The parametric models available in *INLA* are *exponentialsurv, weibullsurv, loglogisticsurv, lognormalsurv, gamma.surv*.
## Survival function models
1. Exponential : $$t\sim Exp(\lambda),\lambda=\exp(\eta)$$
2. Weibull: $$t\sim Weibull(\alpha,\lambda),\lambda=\exp(\eta)$$
3. Loglogistic: $$\log(t)\sim Logistic(\alpha,\lambda),\lambda=\exp(\eta)$$
4. Lognormal: $$\log(t)\sim N(\eta,\tau)$$
In all of these, $$\eta=\sum_{j=1}^{n_\beta}\pmb{\beta}_j'\pmb{X}_j+\sum_{k=1}^{n_f}f^k(\pmb{u}_k).$$
Random components $f^k(\pmb{u}_k)$ of covariates $\pmb{u}_k$ can be splines, spatial components, frailties, clustering effects etc.
## Examples
### 1. Ovarian Cancer Survival Data
Survival in a randomised trial to compare two treatments for ovarian cancer.
__Covariates__:
futime: survival or censoring time
fustat: censoring status
age: in years
resid.ds: residual disease present (1=no,2=yes)
rx: treatment group
ecog.ps: ECOG performance status (1 is better, see Edmunson (1979))
```{r}
library(INLA)
library(survival)
ovarian_data<-ovarian
ovarian_data
```
Now we can examine the survival curve for each treatment. This can give us an indication of possible differences between treatments. The Kaplan-Meier curve is a nonparametric estimate of the survival curve and can be used as a visual summary of the survival times.

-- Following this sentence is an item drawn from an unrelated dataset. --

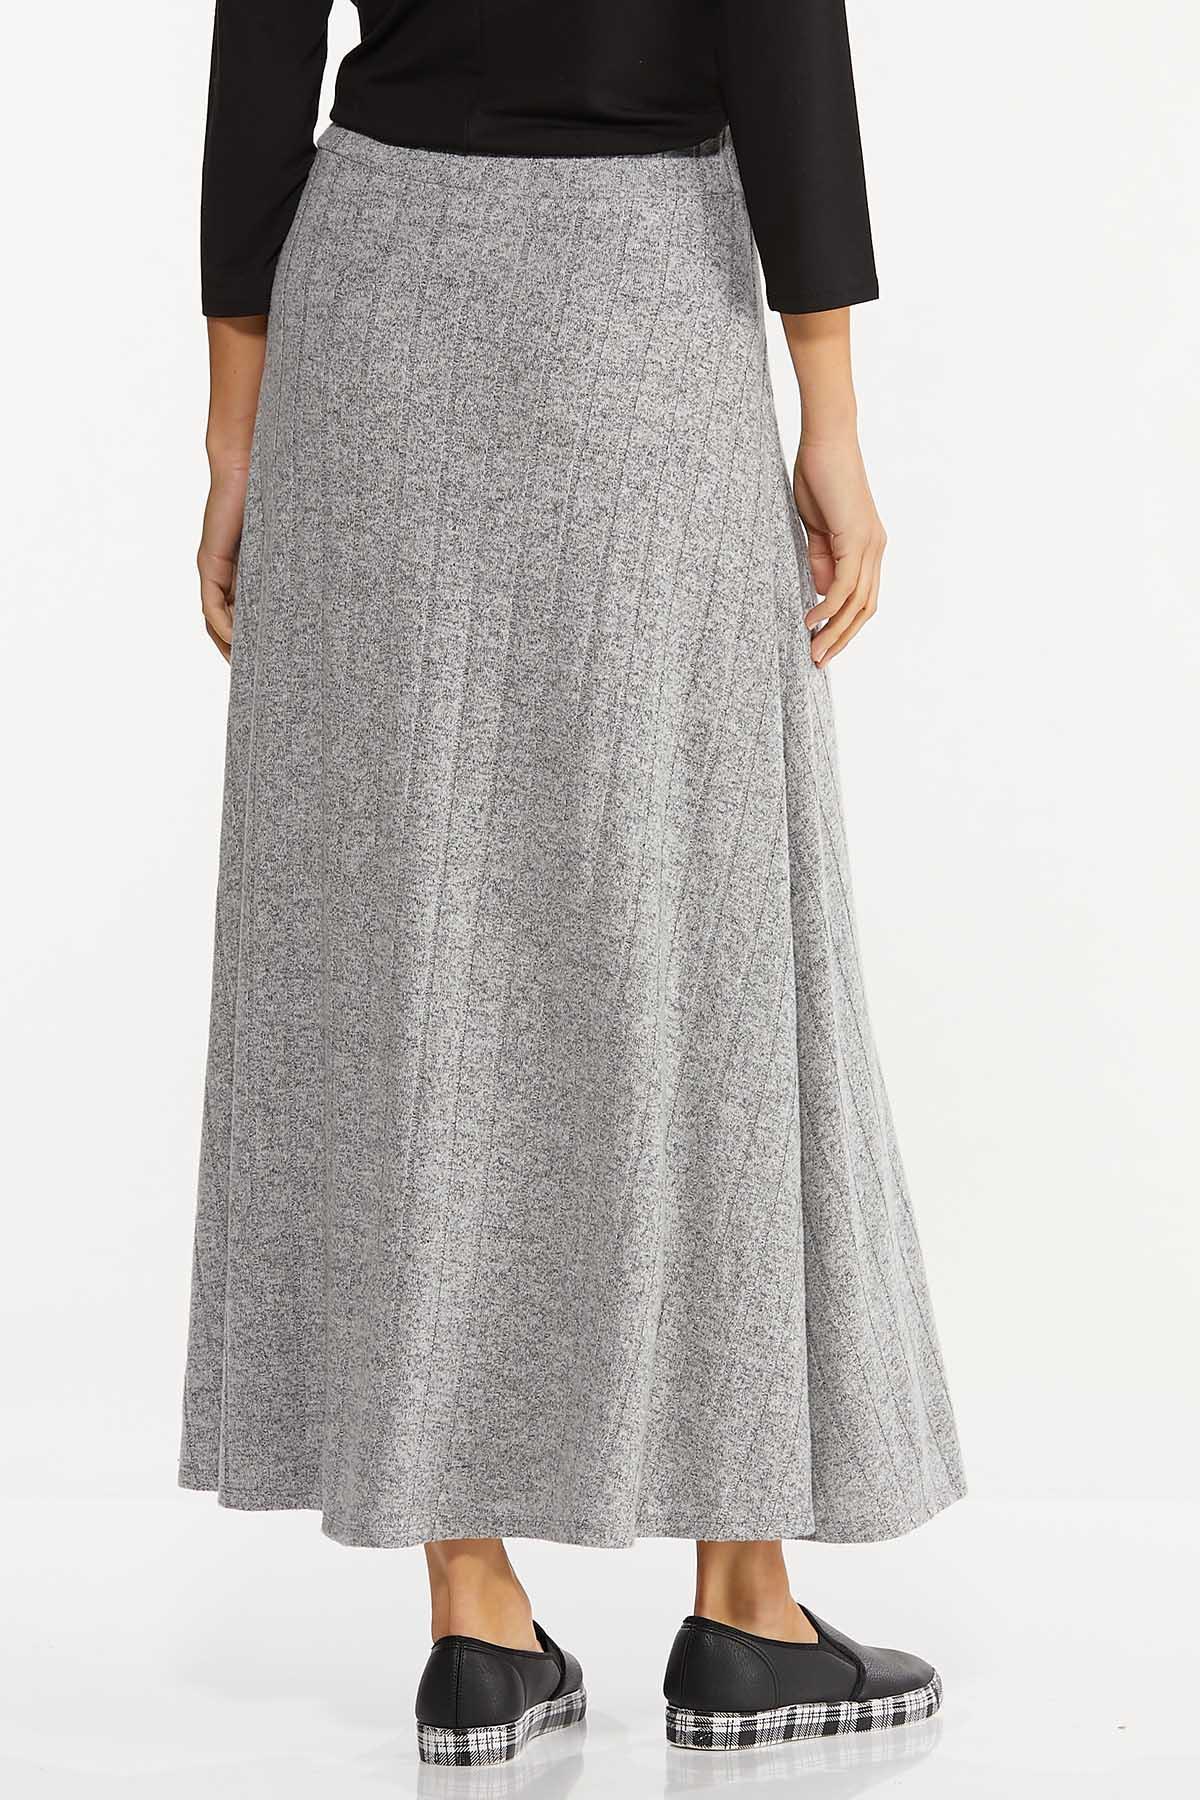 Plus Size Ribbed Knit Maxi Skirt (Item #44729665)

_For numerical stability it is advisable to rescale the time axis to the unit axis_.
```{r}
#Scale the time axis
mtime<-max(ovarian_data$futime)
mtime
ovarian_data$futime<-ovarian_data$futime/mtime
#Kaplan-meier curves for each treatment
ovarian_surv<-Surv(ovarian_data$futime,ovarian_data$fustat)
ovarian_surv
ovarian_km<-survfit(ovarian_surv~rx,data=ovarian_data)
plot(ovarian_km,col=c("red","blue"),lty=c(1,2))
legend(x=0.6,y=0.3,legend=c("Treatment 1", "Treatment 2"), col=c("red","blue"),lty=c(1,2))
```
Note that in this curve no effect of other covariates are taken into account so the apparent difference can be due to some other factors as well. We thus need to do a proper model and test for significant covariate effects. We can do this using `inla`.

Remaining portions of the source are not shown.